@@ -1971,6 +1971,7 @@ config INTEL_TDX_HOST
depends on X86_64
depends on KVM_INTEL
depends on X86_X2APIC
+ select ARCH_KEEP_MEMBLOCK
help
Intel Trust Domain Extensions (TDX) protects guest VMs from malicious
host and certain physical attacks. This option enables necessary TDX
@@ -1033,6 +1033,8 @@ void __init setup_arch(char **cmdline_p)
*
* Moreover, on machines with SandyBridge graphics or in setups that use
* crashkernel the entire 1M is reserved anyway.
+ *
+ * Note the host kernel TDX also requires the first 1MB being reserved.
*/
x86_platform.realmode_reserve();
@@ -16,6 +16,12 @@
#include <linux/spinlock.h>
#include <linux/percpu-defs.h>
#include <linux/mutex.h>
+#include <linux/list.h>
+#include <linux/memblock.h>
+#include <linux/memory.h>
+#include <linux/minmax.h>
+#include <linux/sizes.h>
+#include <linux/pfn.h>
#include <asm/msr-index.h>
#include <asm/msr.h>
#include <asm/tdx.h>
@@ -30,6 +36,9 @@ static DEFINE_PER_CPU(bool, tdx_lp_initialized);
static enum tdx_module_status_t tdx_module_status;
static DEFINE_MUTEX(tdx_module_lock);
+/* All TDX-usable memory regions. Protected by mem_hotplug_lock. */
+static LIST_HEAD(tdx_memlist);
+
typedef void (*sc_err_func_t)(u64 fn, u64 err, struct tdx_module_args *args);
static inline void seamcall_err(u64 fn, u64 err, struct tdx_module_args *args)
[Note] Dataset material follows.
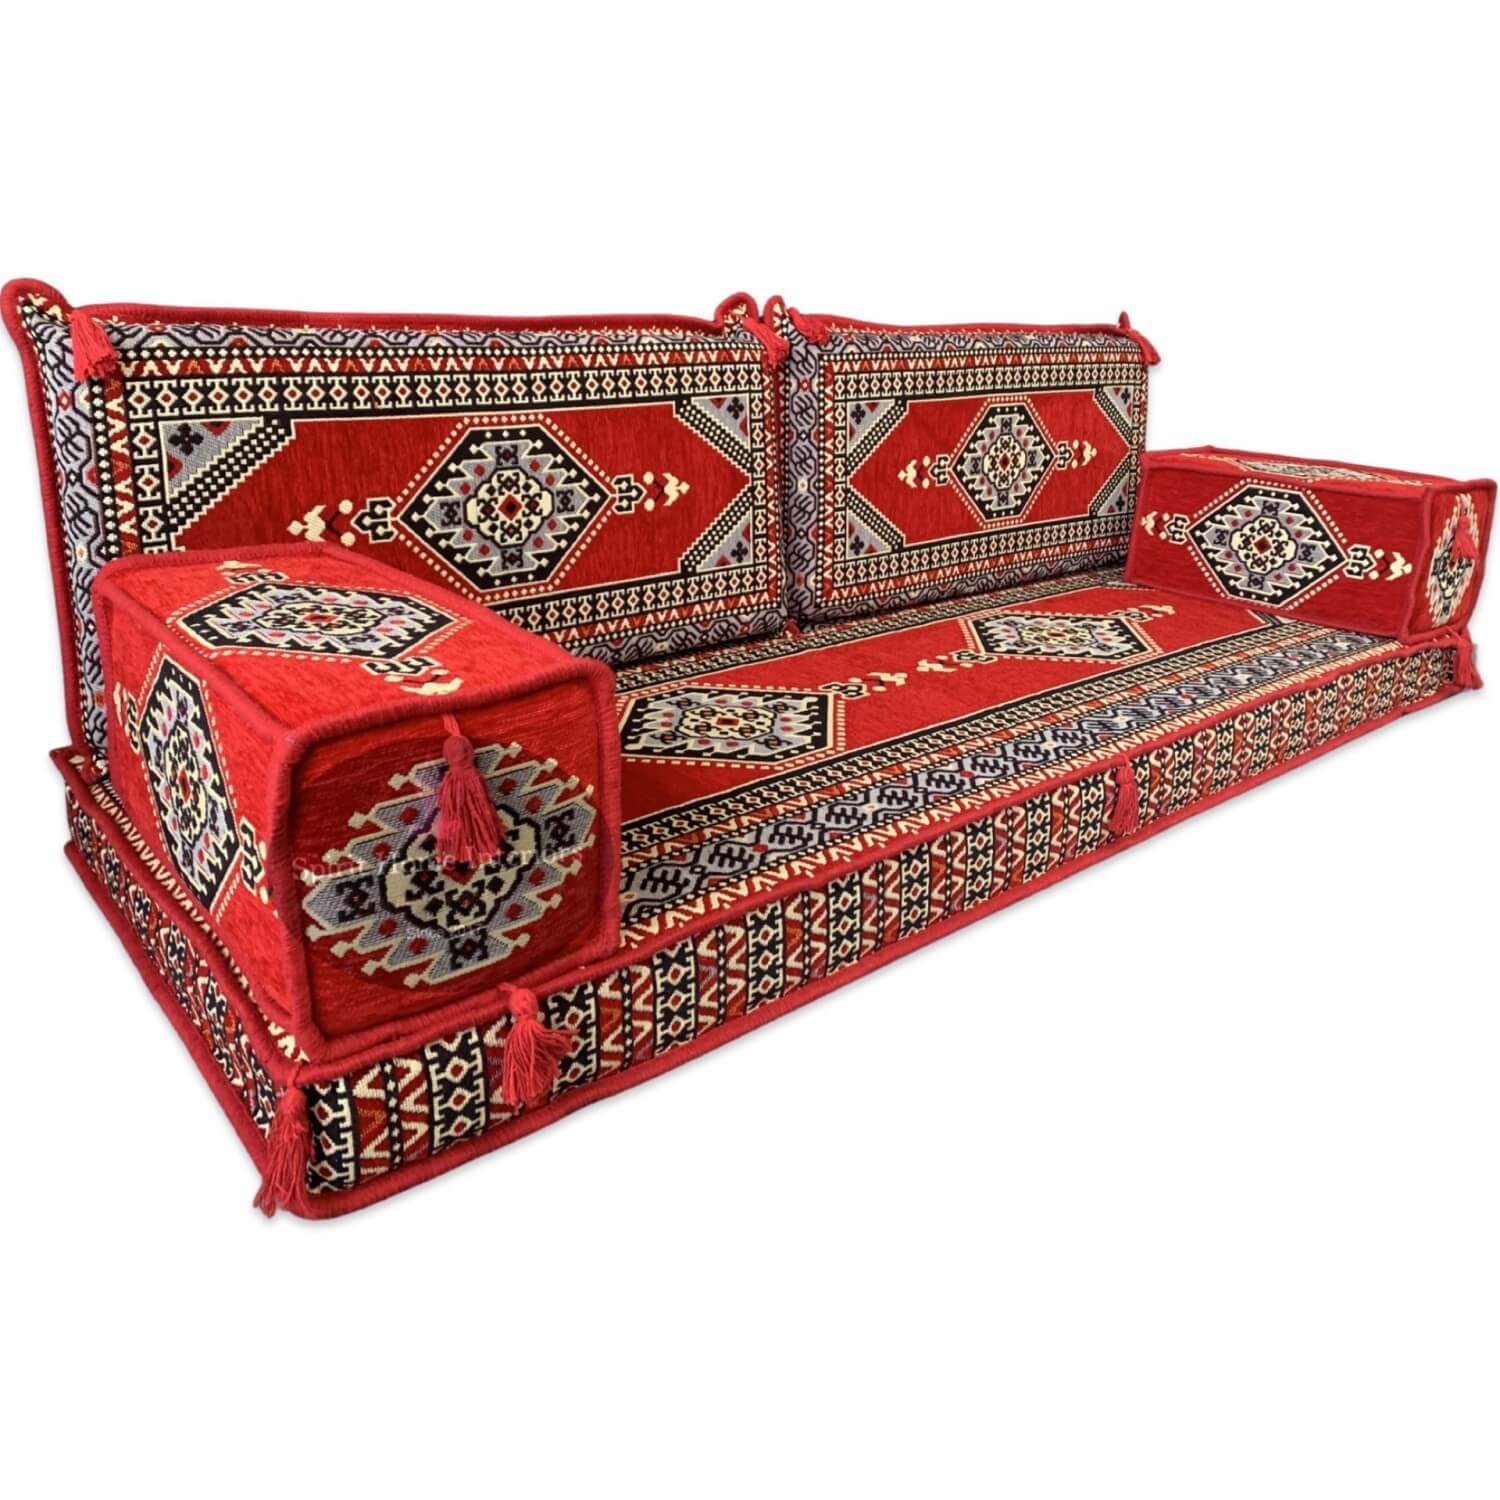 Palace Red Three Seater Majlis Floor Sofa Couch

@@ -153,12 +162,102 @@ int tdx_cpu_enable(void)
}
EXPORT_SYMBOL_GPL(tdx_cpu_enable);
+/*
+ * Add a memory region as a TDX memory block. The caller must make sure
+ * all memory regions are added in address ascending order and don't
+ * overlap.
+ */
+static int add_tdx_memblock(struct list_head *tmb_list, unsigned long start_pfn,
+ unsigned long end_pfn)
+{
+ struct tdx_memblock *tmb;
+
+ tmb = kmalloc(sizeof(*tmb), GFP_KERNEL);
+ if (!tmb)
+ return -ENOMEM;
+
+ INIT_LIST_HEAD(&tmb->list);
+ tmb->start_pfn = start_pfn;
+ tmb->end_pfn = end_pfn;
+
+ /* @tmb_list is protected by mem_hotplug_lock */
+ list_add_tail(&tmb->list, tmb_list);
+ return 0;
+}
+
+static void free_tdx_memlist(struct list_head *tmb_list)
+{
+ /* @tmb_list is protected by mem_hotplug_lock */
+ while (!list_empty(tmb_list)) {
+ struct tdx_memblock *tmb = list_first_entry(tmb_list,
+ struct tdx_memblock, list);
+
+ list_del(&tmb->list);
+ kfree(tmb);
+ }
+}
+
+/*
+ * Ensure that all memblock memory regions are convertible to TDX
+ * memory. Once this has been established, stash the memblock
+ * ranges off in a secondary structure because memblock is modified
+ * in memory hotplug while TDX memory regions are fixed.
+ */
+static int build_tdx_memlist(struct list_head *tmb_list)
+{
+ unsigned long start_pfn, end_pfn;
+ int i, ret;
+
+ for_each_mem_pfn_range(i, MAX_NUMNODES, &start_pfn, &end_pfn, NULL) {
+ /*
+ * The first 1MB is not reported as TDX convertible memory.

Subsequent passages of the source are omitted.